Metrics based checks on a single Dataset
Performing metric based checks on a single dataset
To perform metric based checks on a single Dataset you will need to pass a
singleDsChecks
argument to your ChecksSuite.
import com.github.timgent.dataflare.checkssuite._
val checksSuite = ChecksSuite(
"someChecksSuite",
singleDsChecks = ???
)
You will need to pass in a Map[DescribedDataset, Seq[SingleDsCheck]]
.
How to create a SingleMetricCheck
Creating a SingleMetricCheck for maximum flexibility
You can create a SingleMetricCheck
as follows:
import com.github.timgent.dataflare.checks.metrics._
import com.github.timgent.dataflare.checks.{CheckStatus, RawCheckResult}
import com.github.timgent.dataflare.metrics.MetricDescriptor.SizeMetric
import com.github.timgent.dataflare.metrics.MetricValue.LongMetric
val mySizeCheck = SingleMetricCheck[LongMetric](SizeMetric(), "sizeMetric"){ size =>
if (size > 0) RawCheckResult(CheckStatus.Success, "Success!") else RawCheckResult(CheckStatus.Error, "No data!")
}
When you create a SingleMetricCheck
from scratch you have complete control over how the check is done and what
result is returned. You can choose from any of the available metrics and write a function that takes that metric value
and returns a RawCheckResult
.
Helpers for creating SingleMetricChecks
If you would like to cut down on the verbosity then there are number of helpers you can use. For example the above could be written:
import com.github.timgent.dataflare.checks.metrics._
import com.github.timgent.dataflare.thresholds.AbsoluteThreshold
SingleMetricCheck.sizeCheck(AbsoluteThreshold(Some(1L), None))
An AbsoluteThreshold
is a convenience for setting a range of acceptable values. In the case of the above the size of
the dataset must be greater than or equal to 1, with no upper limit on the value.

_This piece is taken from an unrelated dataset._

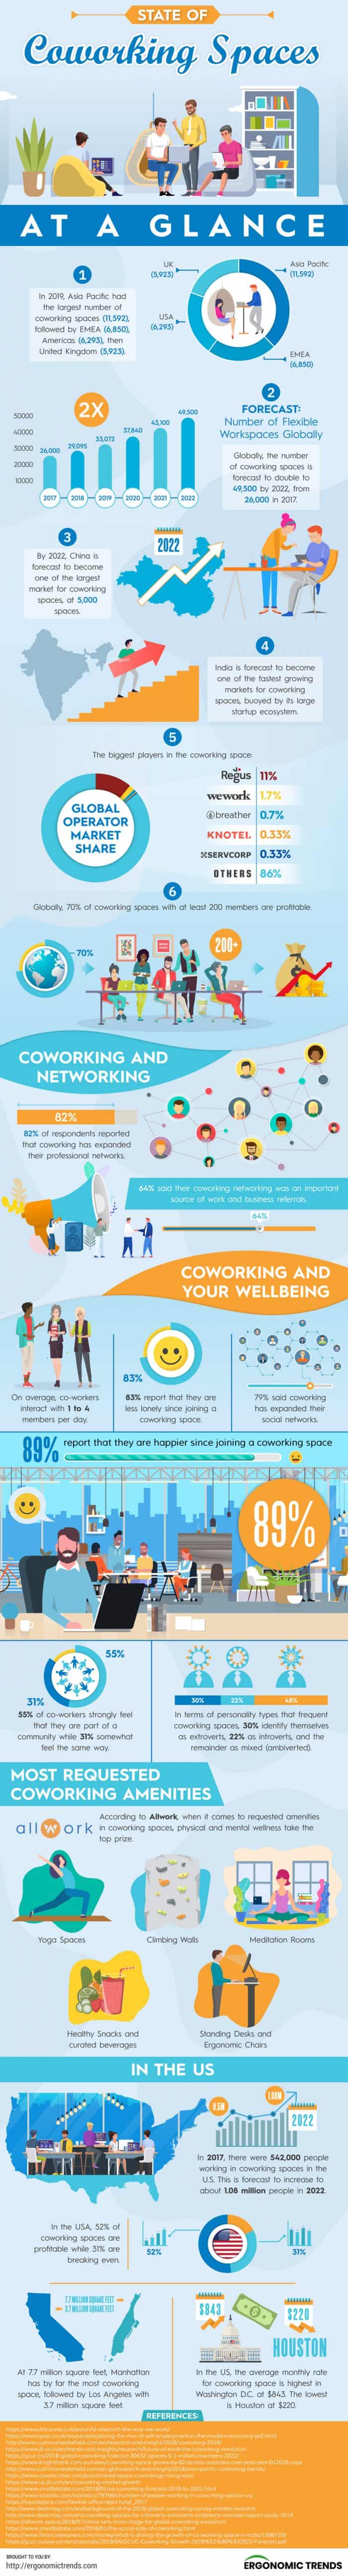 Statistics about coworking spaces in various countries

Other available helpers include:
- sizeCheck
- complianceCheck
- distinctValuesCheck
- distinctnessCheck
- thresholdBasedCheck
- sumValuesCheck
- minValueCheck
- maxValueCheck
Please check the API docs for the full range of options!
Putting it all together
import org.apache.spark.sql.DataFrame
import com.github.timgent.dataflare.checkssuite._
import com.github.timgent.dataflare.checks.metrics._
import com.github.timgent.dataflare.thresholds.AbsoluteThreshold
val myDs: DataFrame = ???
val myDescribedDs: DescribedDs = DescribedDs(myDs, "myDs")
val mySizeCheck = SingleMetricCheck.sizeCheck(AbsoluteThreshold(Some(1L), None))
val checksSuite = ChecksSuite(
"someChecksSuite",
singleDsChecks = Map(
myDescribedDs -> Seq(mySizeCheck)
)
)